(HealthDay News) — Vitamin D supplementation safely and substantially reduces the rate of moderate-to-severe chronic obstructive pulmonary disease (COPD) exacerbations in patients with baseline 25-hydroxyvitamin D levels <25 nmol/L, according to a review published online Jan. 10 in Thorax.
David A. Jolliffe, Ph.D., from the University of London, and colleagues conducted a systematic literature review to identify randomized controlled trials (RCTs) of vitamin D supplementation in patients with COPD who reported incidence of acute exacerbations.

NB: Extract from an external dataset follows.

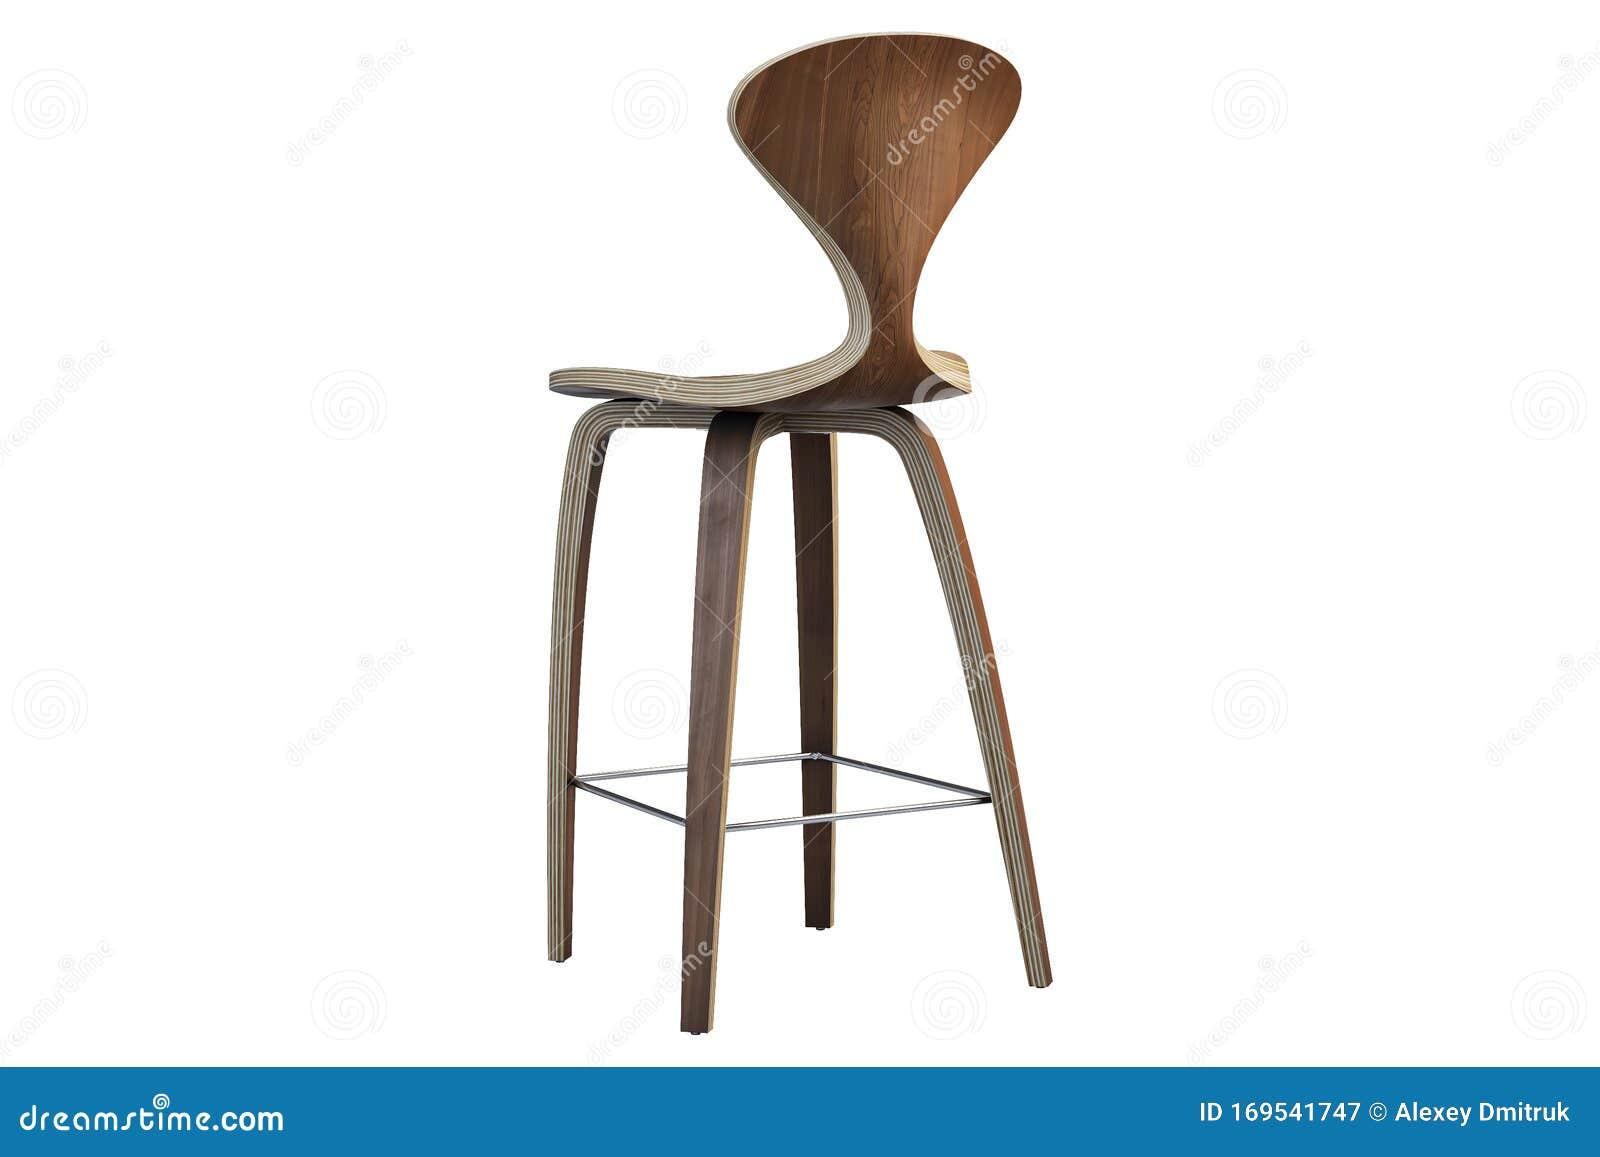 Image of: Modern Bar Stool On Wooden Legs 3d Render Stock Illustration Illustration Of Design Plywood 169541747
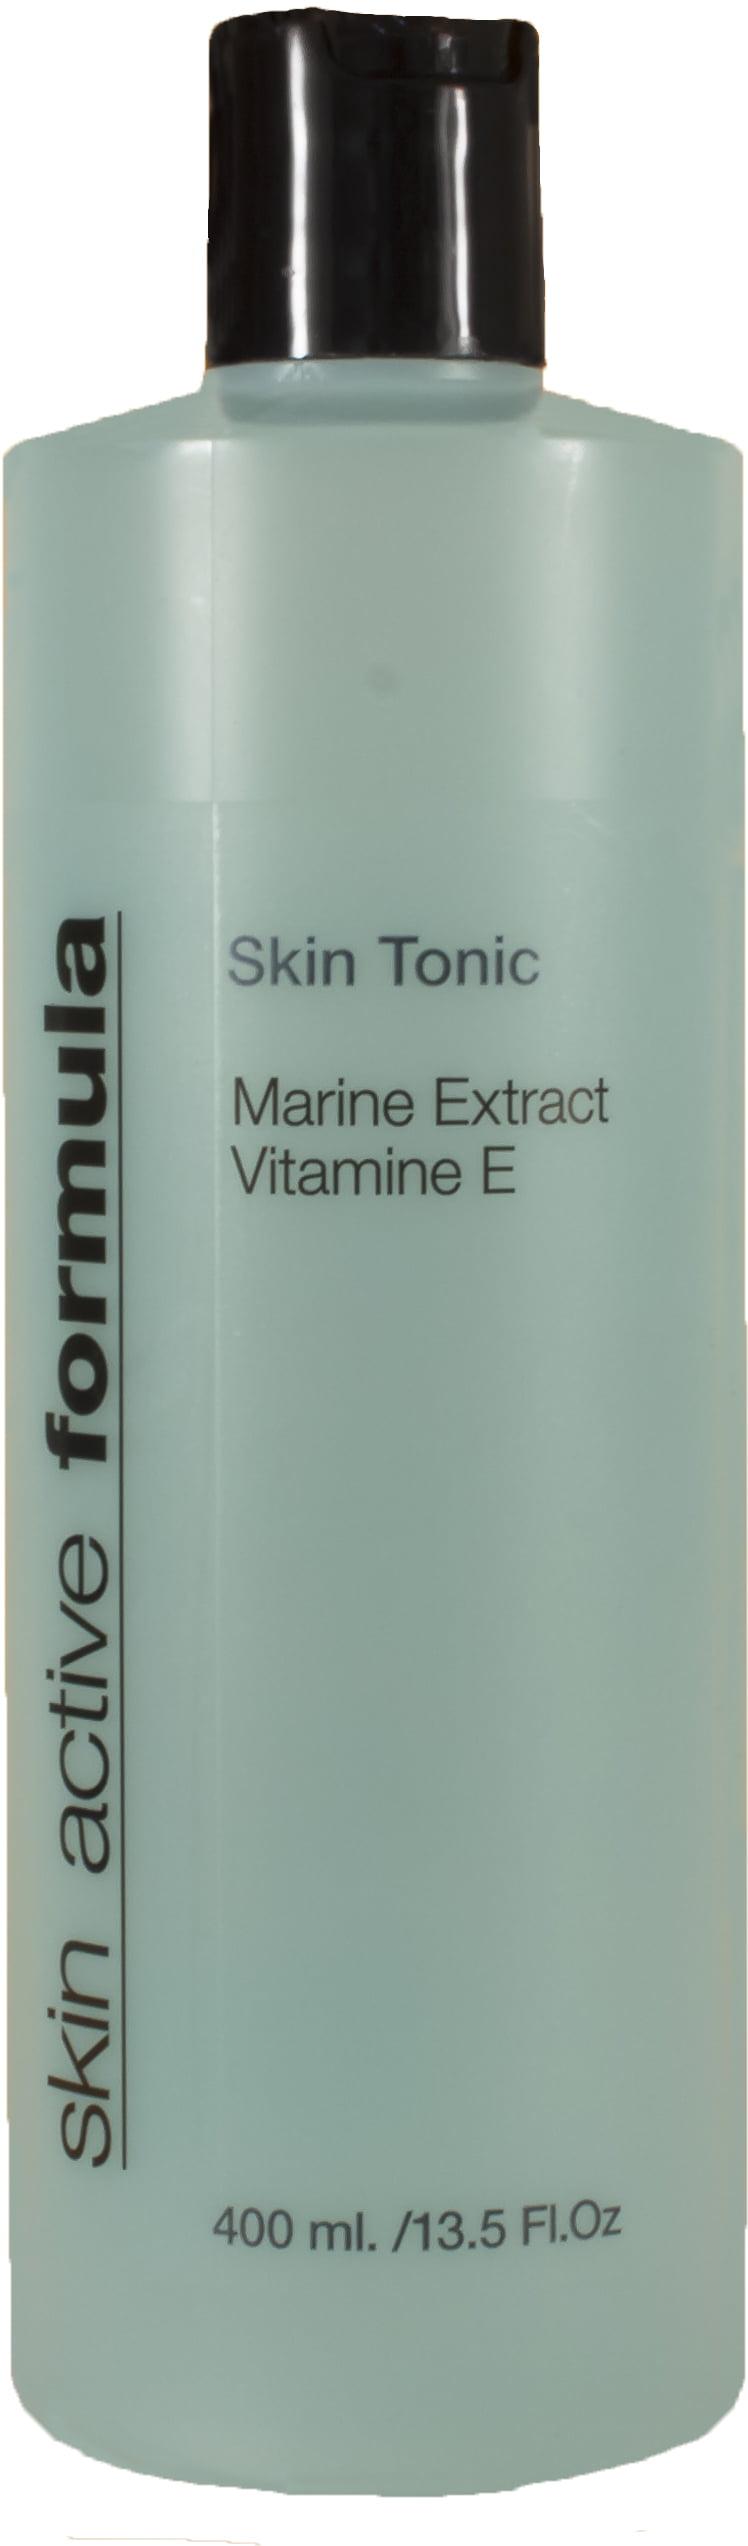 Skin Active Formula Skin Tonic 400 ml – Marine Extract – Vitamin E

Based on four included studies (total of 560 patients), the researchers found that supplementation did not influence the overall rate of moderate-to-severe COPD exacerbations (adjusted incidence rate ratio [aIRR], 0.94; 95 percent confidence interval [CI], 0.78 to 1.13). In participants with baseline 25-hydroxyvitamin D levels <25 nmol/L, protective effects were seen (aIRR, 0.55; 95 percent CI, 0.36 to 0.84), but these effects were not observed in patients with baseline 25-hydroxyvitamin D levels ≥25 nmol/L (aIRR, 1.04; 95 percent CI, 0.85 to 1.27; P for interaction = 0.015). There were no significant differences by vitamin D level seen in the proportion of participants experiencing at least one serious adverse event (adjusted odds ratio, 1.16; 95 percent CI, 0.76 to 1.75).
“Our findings support a strategy of routinely testing vitamin D status in patients with COPD who experience exacerbations and offering supplementation to those with circulating 25(OH)D concentrations of less than 25 nmol/L,” the authors write.